Secondly, “self-management should be the manager’s number-one priority”, says consultant and executive management coach Lisa Baker. “It is important for a manager to understand how his capability for self-management impacts either positively or negatively on his abilities to manage his role, function and build relationships”. Without effective self-management, you will find it difficult to assess and manage your own workload well enough to effectively delegate the right work to your team, which could lead them to feel micromanaged or that you’re not empowering or developing them. Without effective self-management, you could lose credibility and your team’s respect as it will be difficult for them to take seriously any instruction, direction, leadership, or (heaven forbid) correction from someone who can’t apply the same principles to his or her own initiatives or work habits. Managers must know themselves, their values, strengths, weaknesses, and personal desires. Without an honest assessment of these things, it will be difficult to give real purpose and meaning to your work. So, to be an effective manager, it is important to learn to manage stress and conflict in order to achieve the emotional stability necessary to function well in all areas of life, not just on the job.

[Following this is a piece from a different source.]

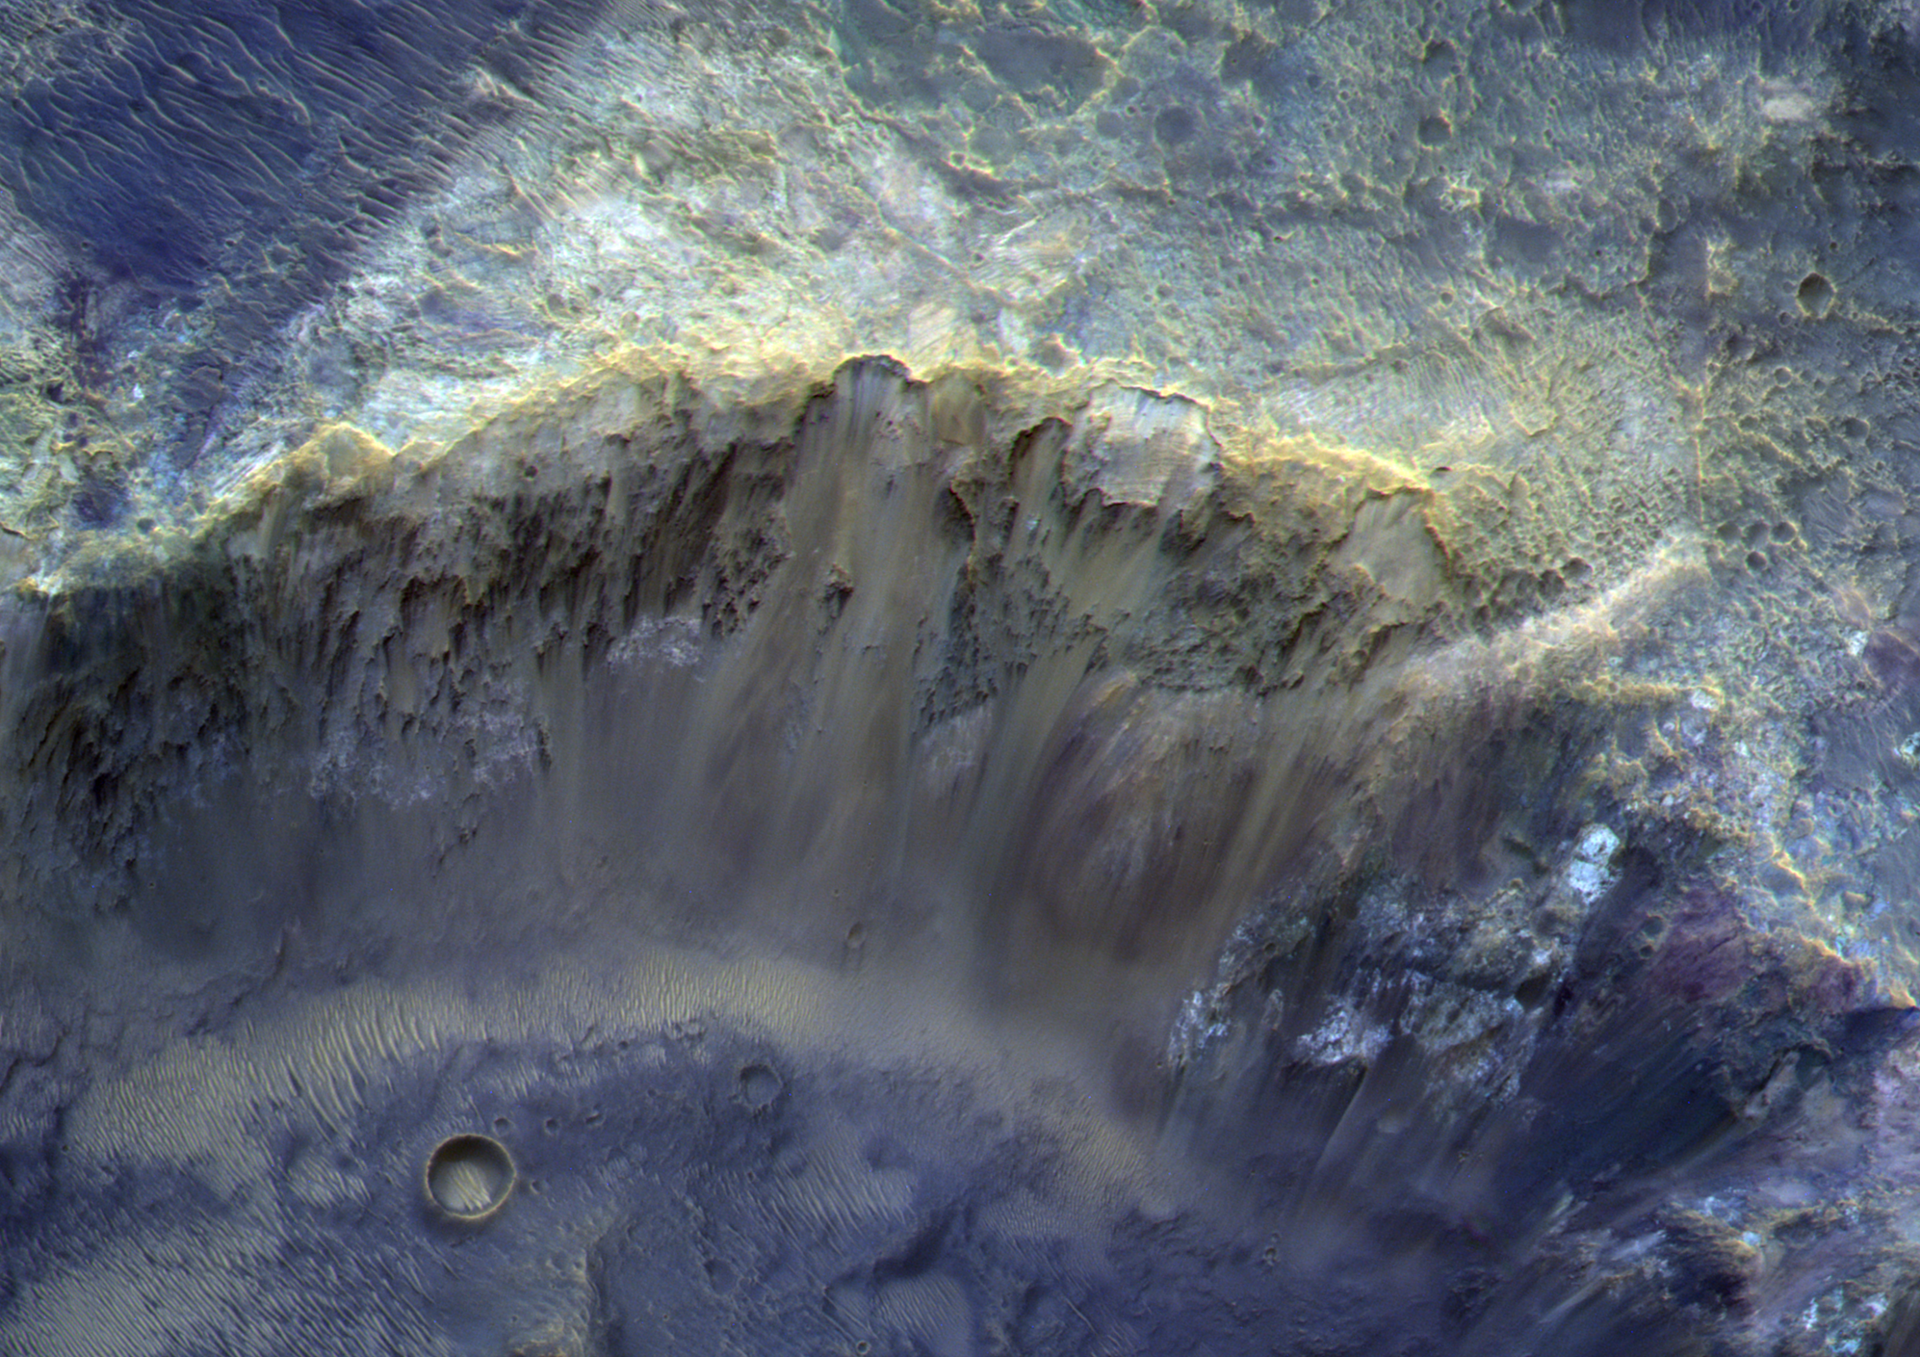 FOTO da superfície marciana revela minerais formados quando o planeta estava coberto de água - Sputnik Brasil, 1920, 15.02.2021
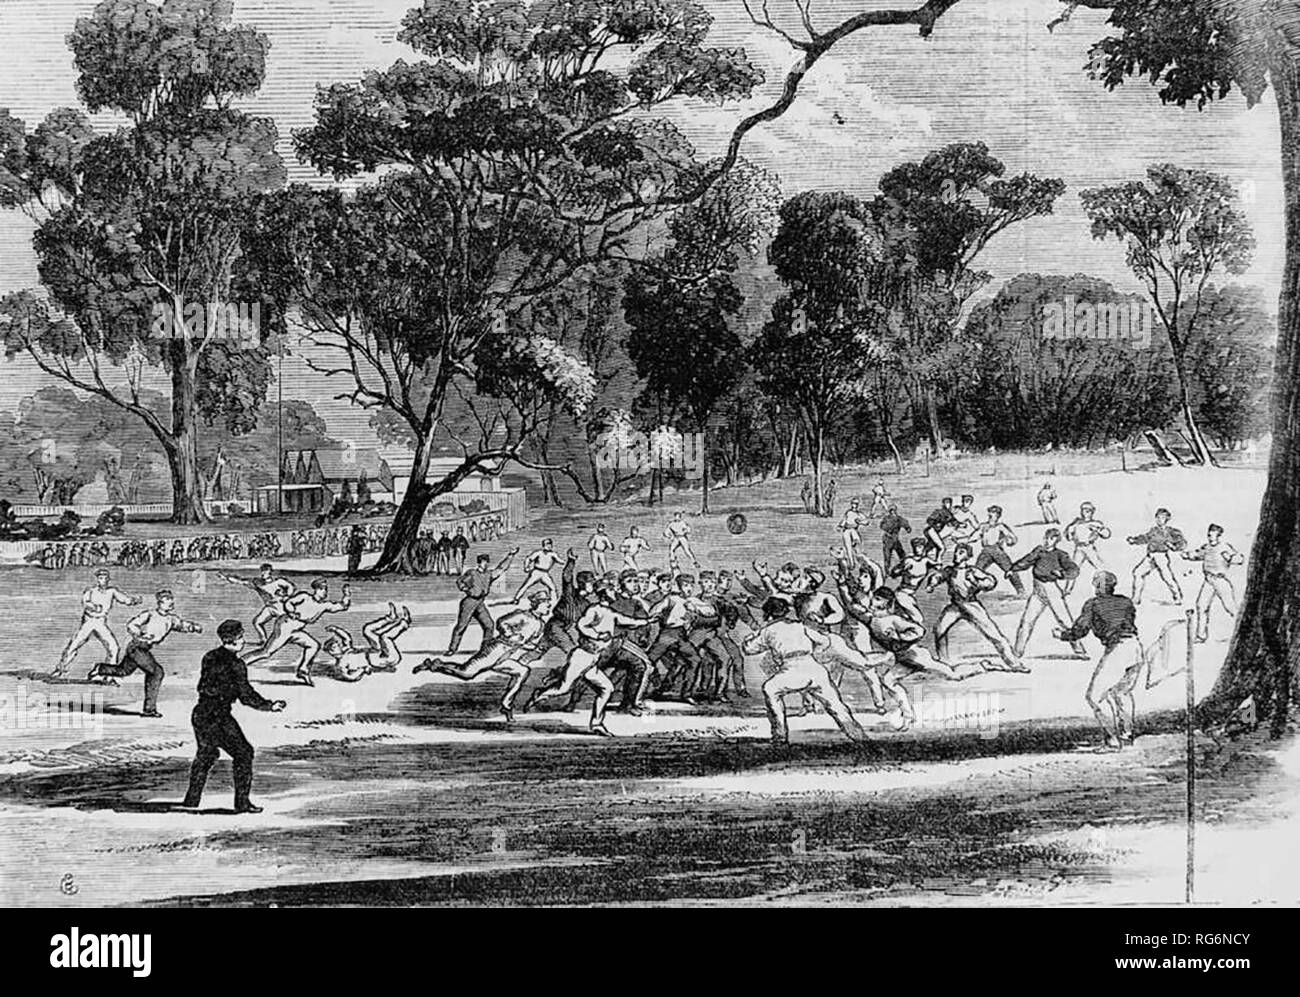 Grabado en madera de un partido de fútbol australiano en el Richmond Paddock, Melbourne, aproximadamente en 1866. El edificio del fondo es el Melbourne Cricket Ground, el pabellón. Julio de 1866 Foto de stock

And finally, communication. Managers need to spend more time talking to others informally if they really wish to find out how others really feel, for example, about the project, the project manager, or other team members. To just talk and communicate well is not sufficient. Active listening is part of effective communication. Managers need to make more time to listen carefully to what others have to say. They need to use techniques such as paraphrasing to play back the message received to ensure the message sent equals the message received more effectively by becoming more people competent and by displaying appropriate behaviors that go with these. Managers of the future need to understand their company culture better and apply this knowledge through good people project management to achieve better results. Effective managers need to bring people together who do not want to work together. They need to become skilled negotiators, hard on issues, and soft on people. They need to show their own behavior in a caliber and quality that others can respect. Managers need to have better training in skills in working with people so they understand the people side better and communicate to others more effectively what project management is all about. They need to understand much better how people are made up, for example, how they might react to the project manager’s approaches and how they themselves need to change their approaches towards people. Good managers need to have good effective communication skills with people at all levels of the organization. For communication, managers must also have good relationships with coworkers, patients, competitors, distributors, investors, and others. Relationships offer opportunities for mutual growth, collaboration, innovation, information sharing, and new business development, but they also pose challenges in these respects. The distinguishing factor between a successful manager and an ineffective leader is the ability to effectively manage relationships, so this skill should be developed.

Summing up all of the above, in order to be an effective manager, one should develop strong people skills, self-management skills, and effective communication skills.